[Opening Dataset excerpt section]

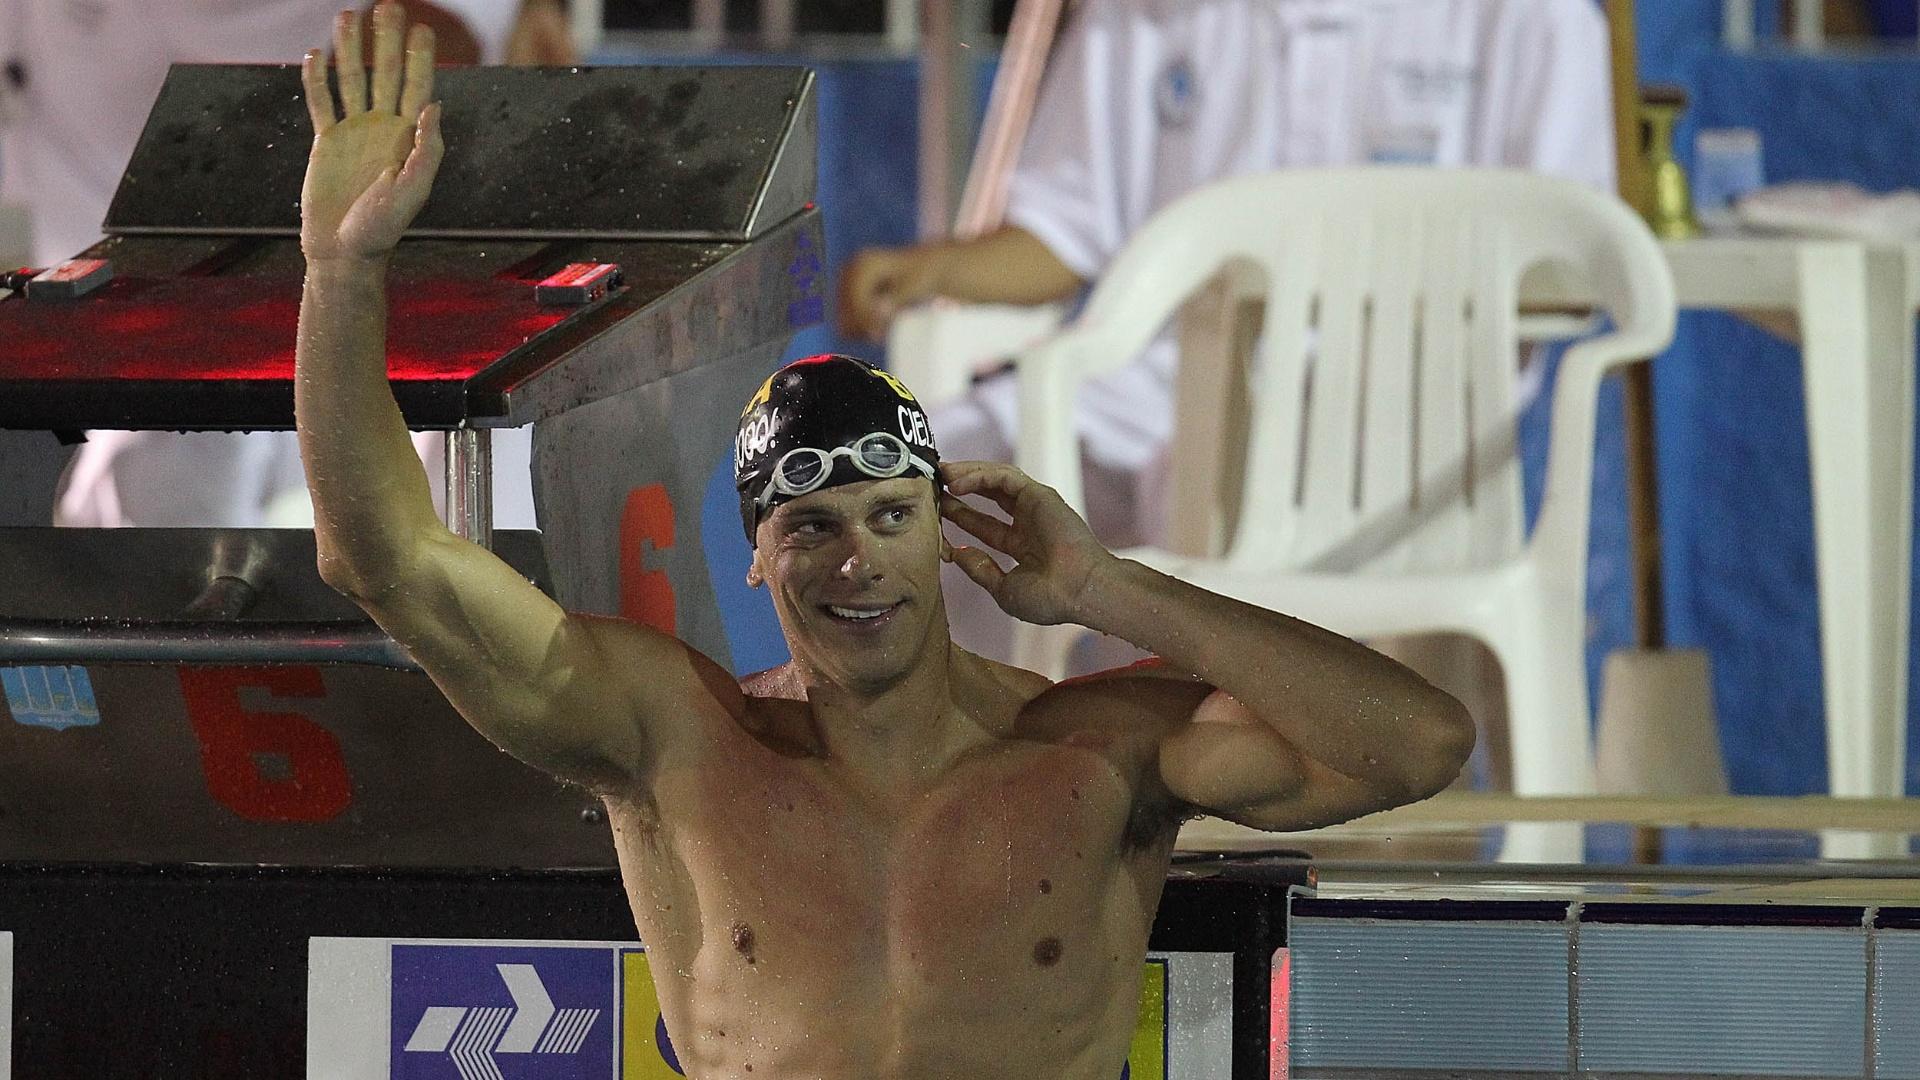 Cesar Cielo comemora vitória nos 50m livre no Sul-Americano, em Belém
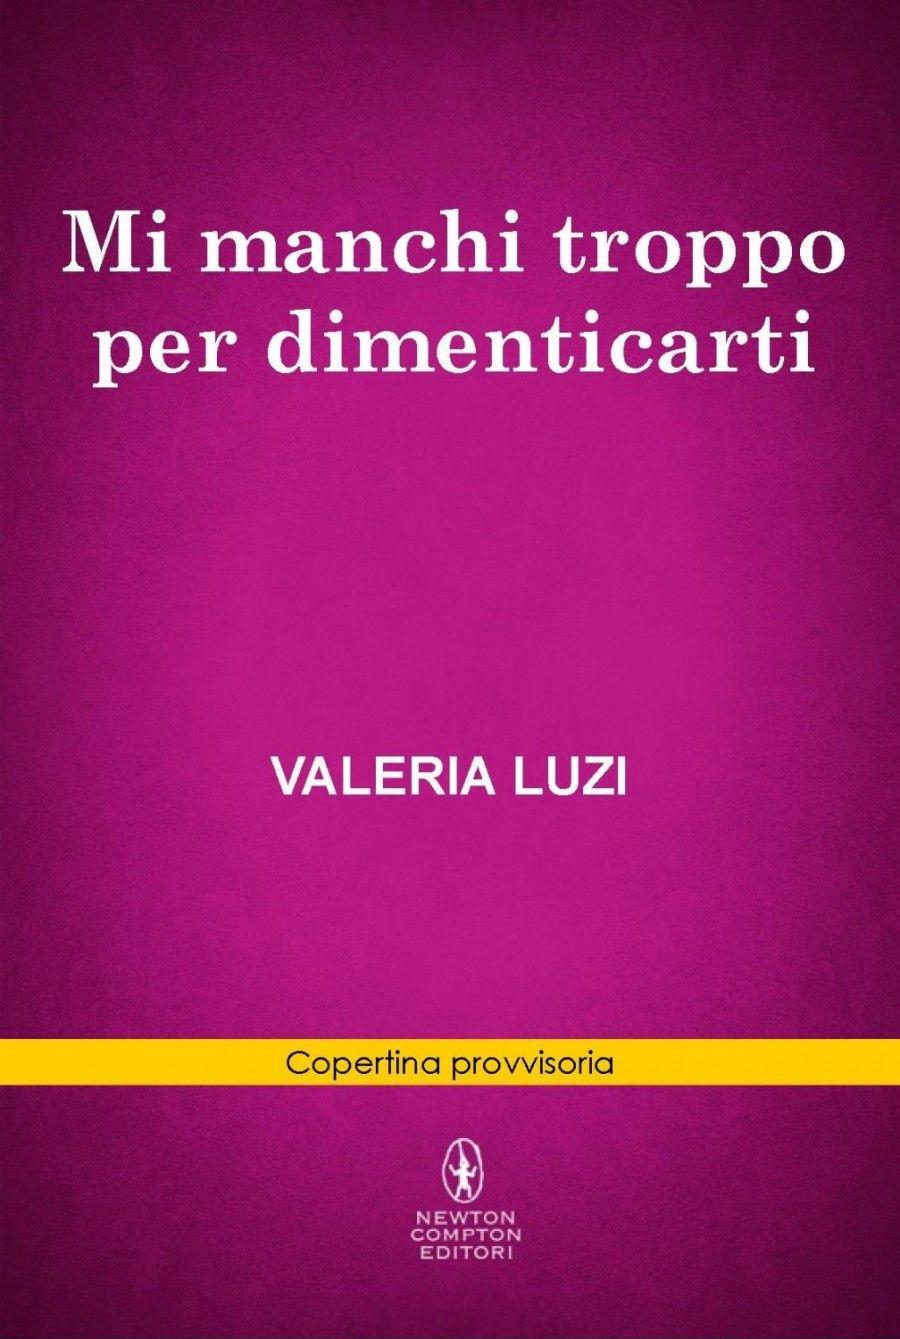 Mi manchi troppo per dimenticarti di Valeria Luzi
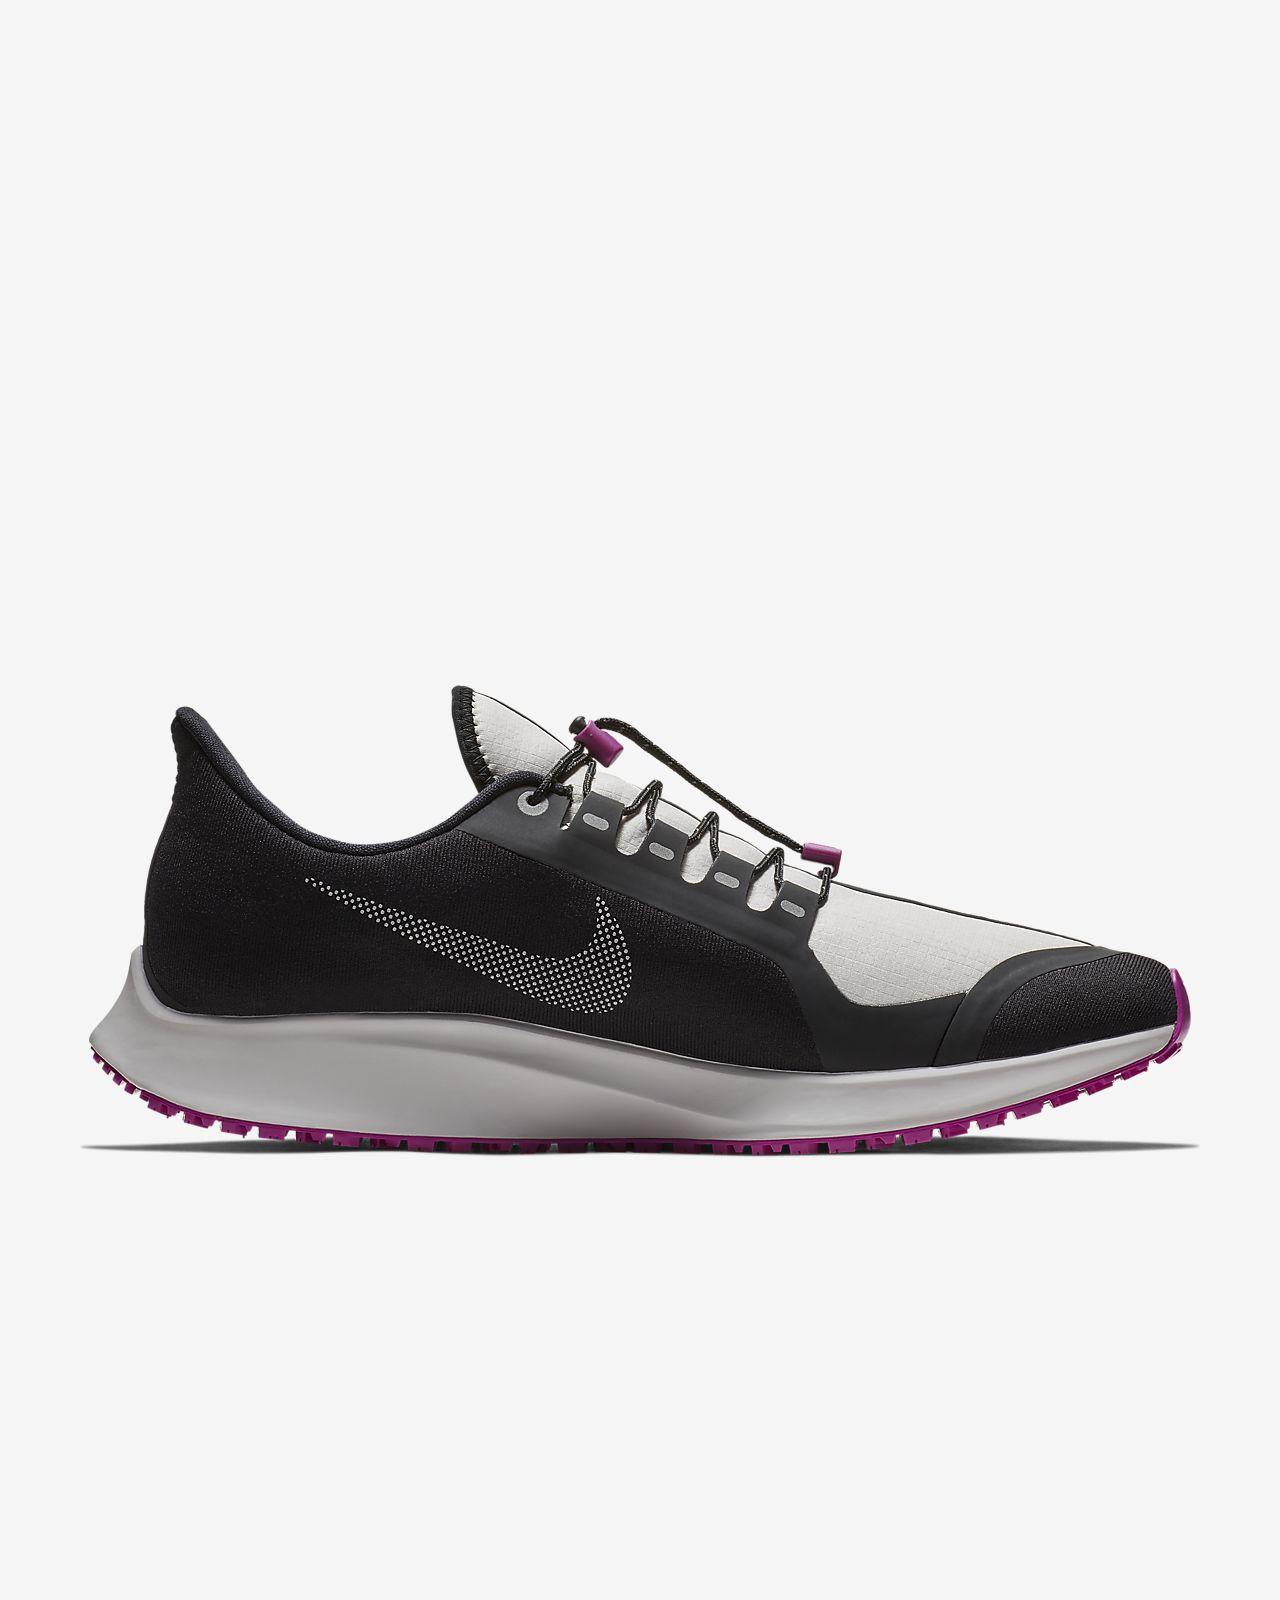 8fa3b3308fe ... Nike Air Zoom Pegasus 35 Shield NRG Water-Repellent Hardloopschoen voor  heren

[Closing Dataset excerpt section]

▶ **Exercise objective**: Repeat the data in full, exactly as it stands, but drop every picture.

▶ **Response area**:
 Cesar Cielo comemora vitória nos 50m livre no Sul-Americano, em Belém
 Mi manchi troppo per dimenticarti di Valeria Luzi
 8fa3b3308fe ... Nike Air Zoom Pegasus 35 Shield NRG Water-Repellent Hardloopschoen voor  heren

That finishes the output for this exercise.